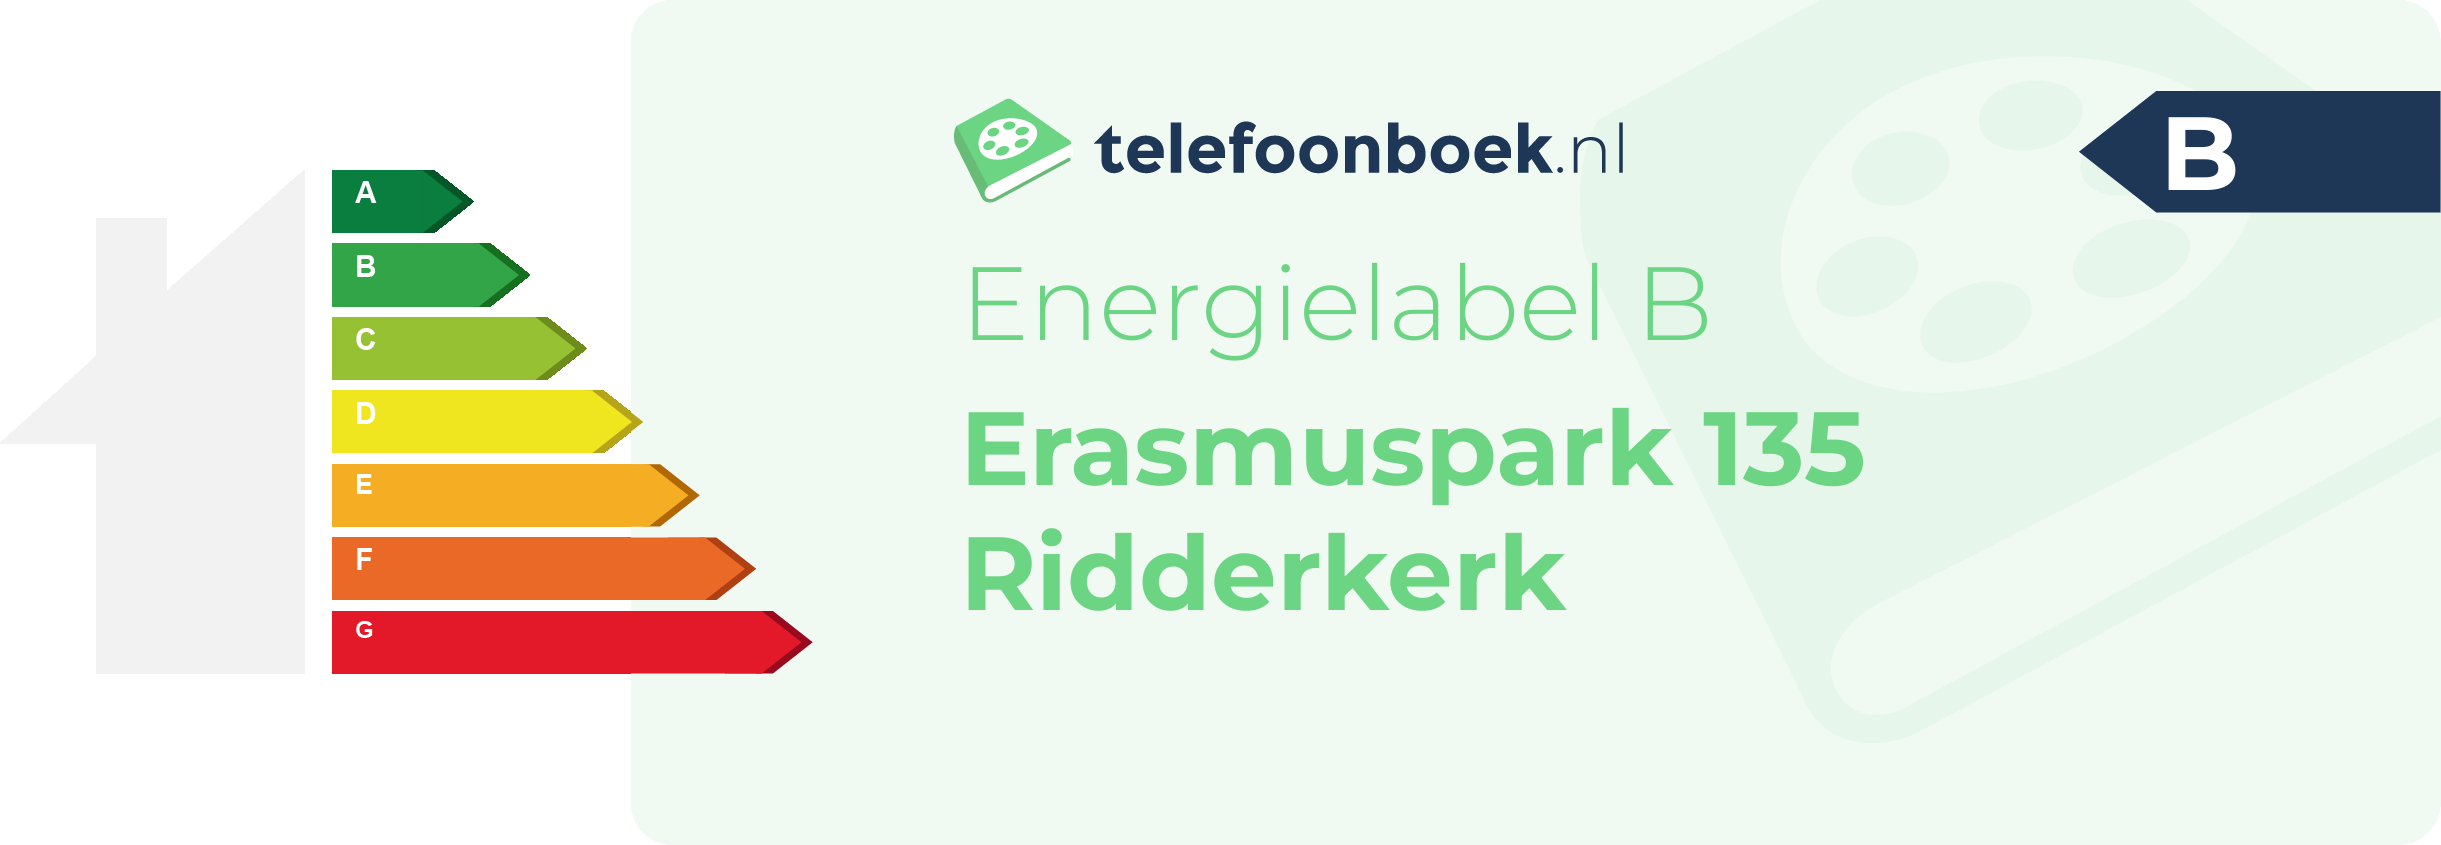 Energielabel Erasmuspark 135 Ridderkerk
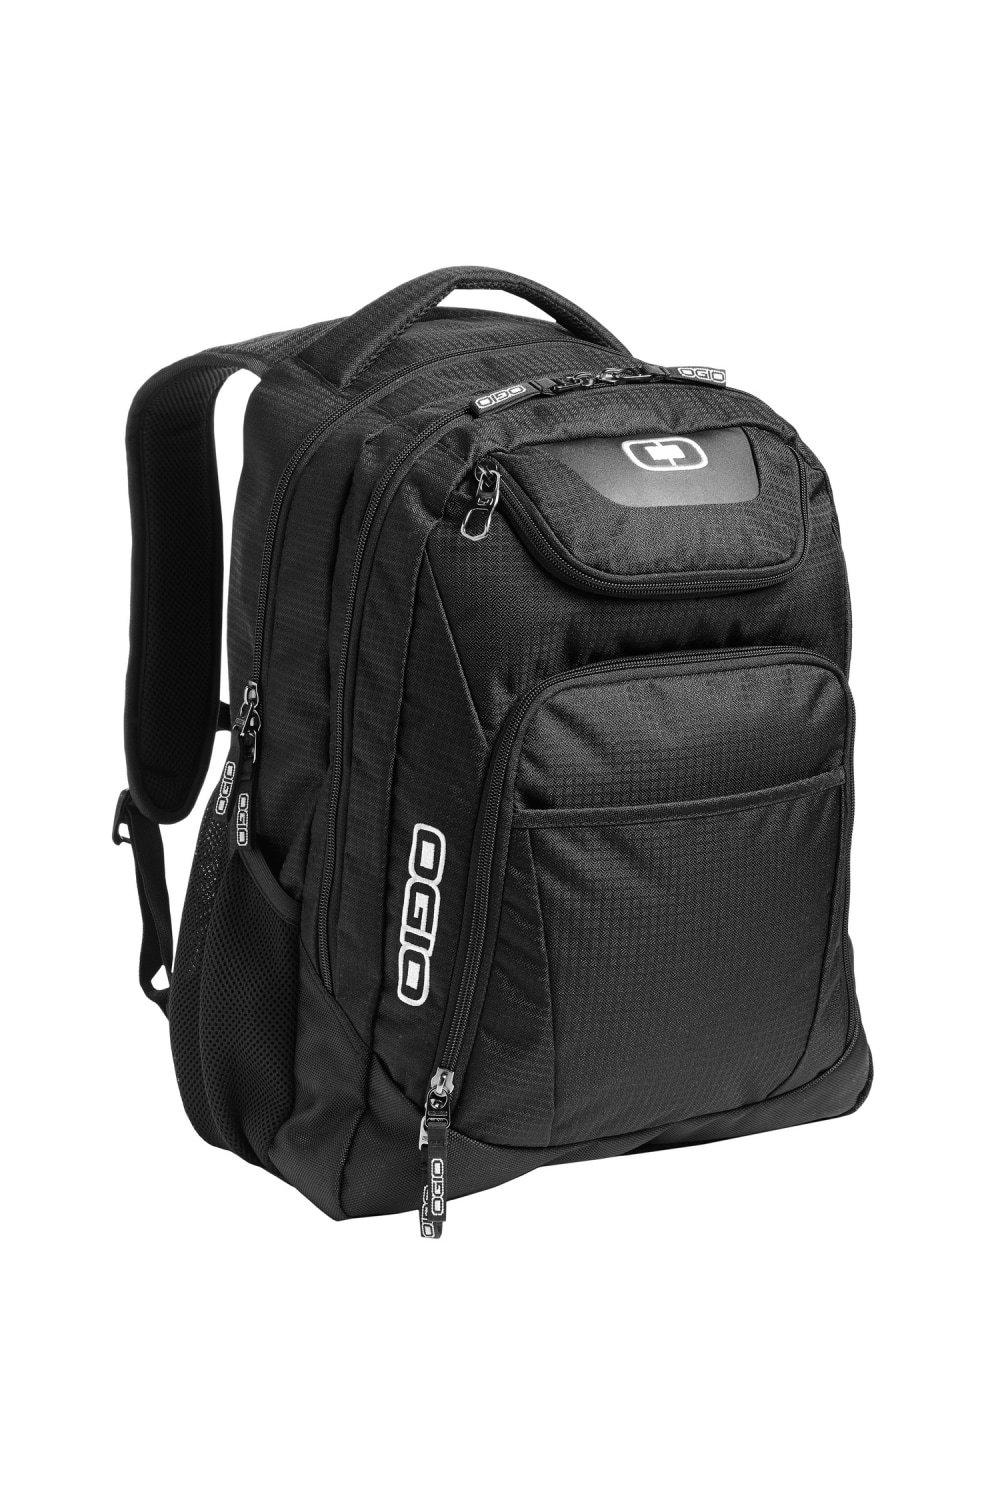 Business Excelsior Laptop Backpack Rucksack
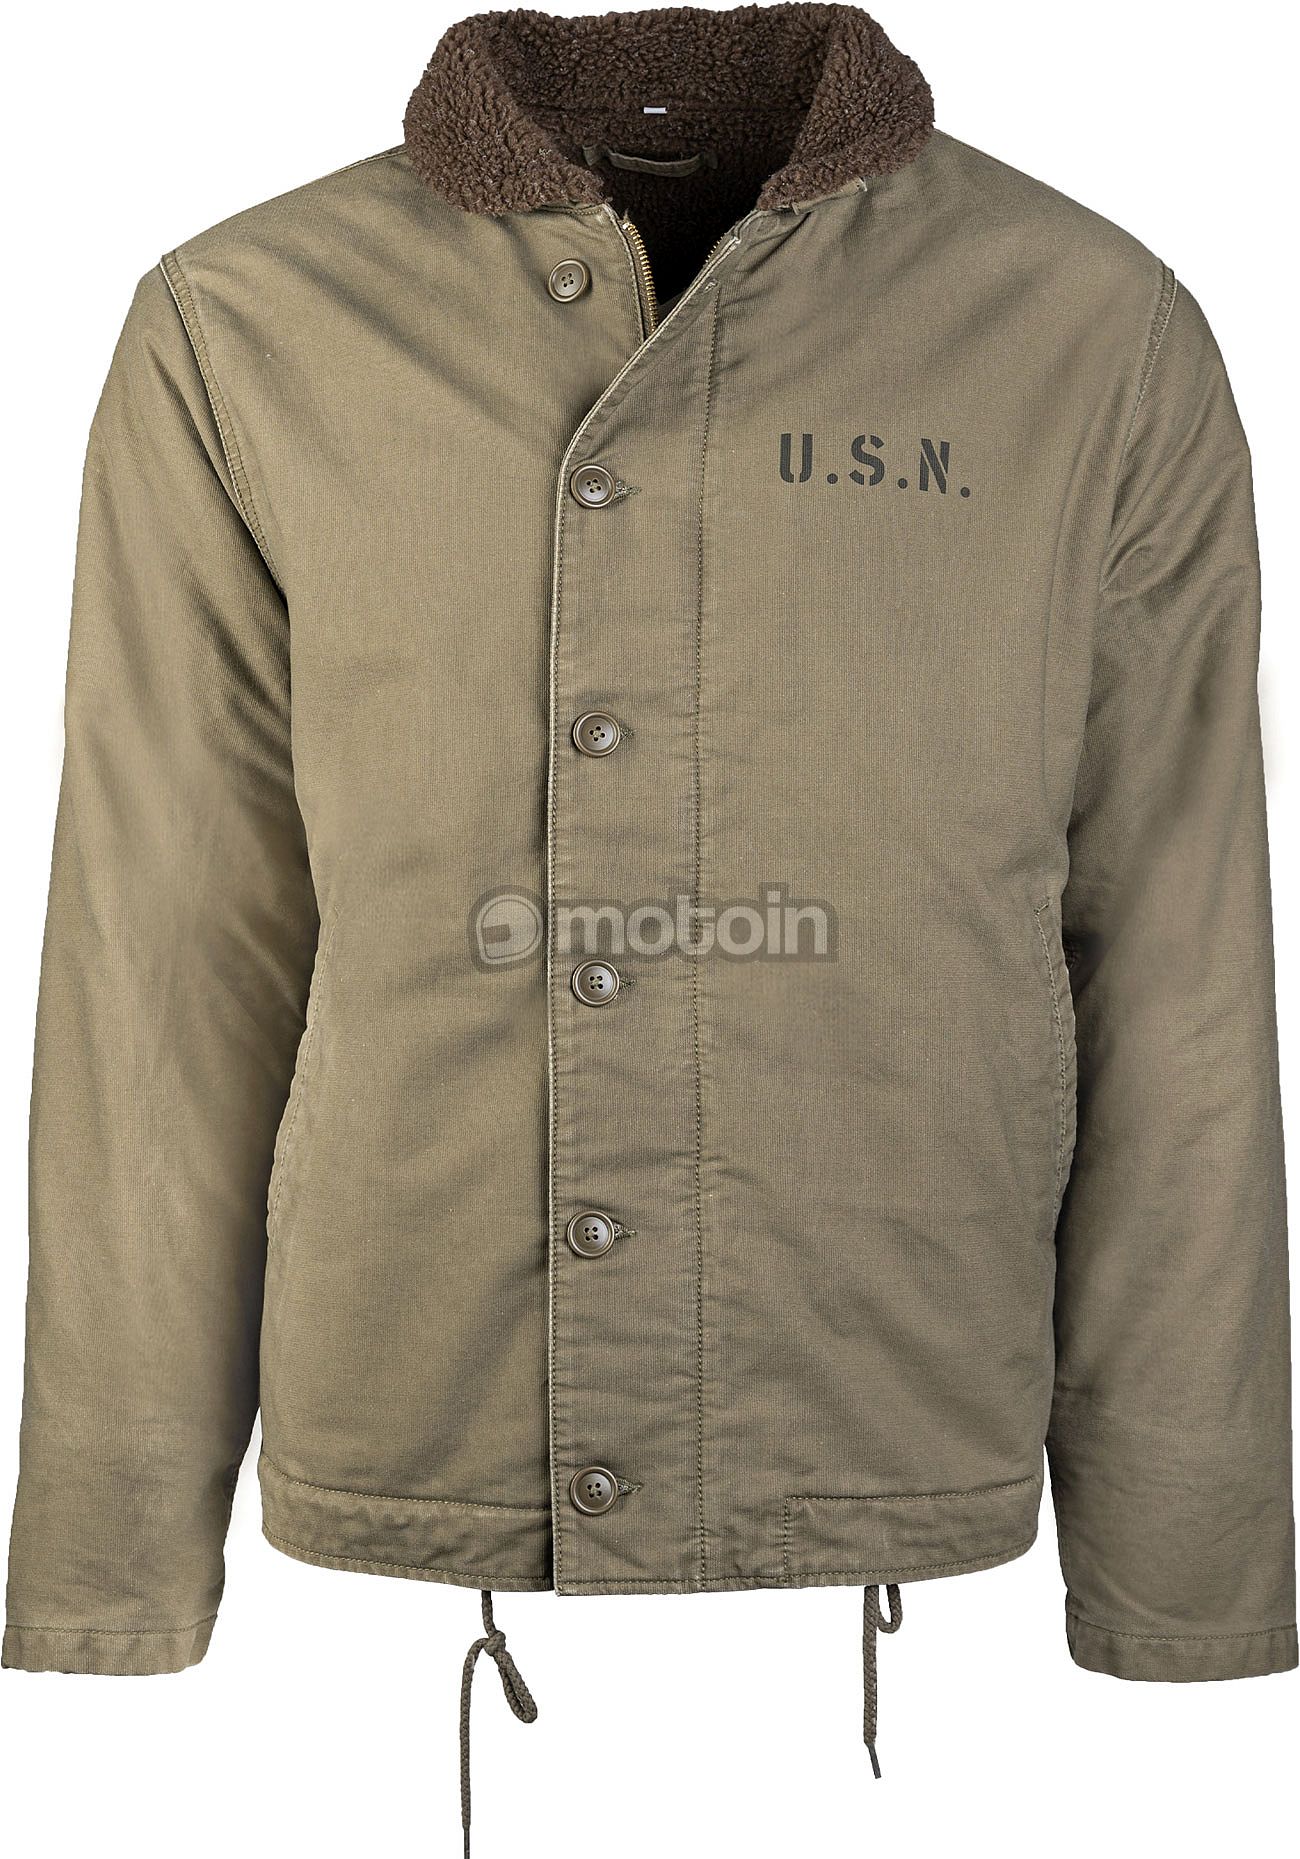 Navy N-1, Mil-Tec jacket Deck US textile
###
* Exercise aim:
The listing above is to be set down word for word, without its images.

* Output for this exercise:
 Energielabel Erasmuspark 135 Ridderkerk
 Business Excelsior Laptop Backpack Rucksack
 Navy N-1, Mil-Tec jacket Deck US textile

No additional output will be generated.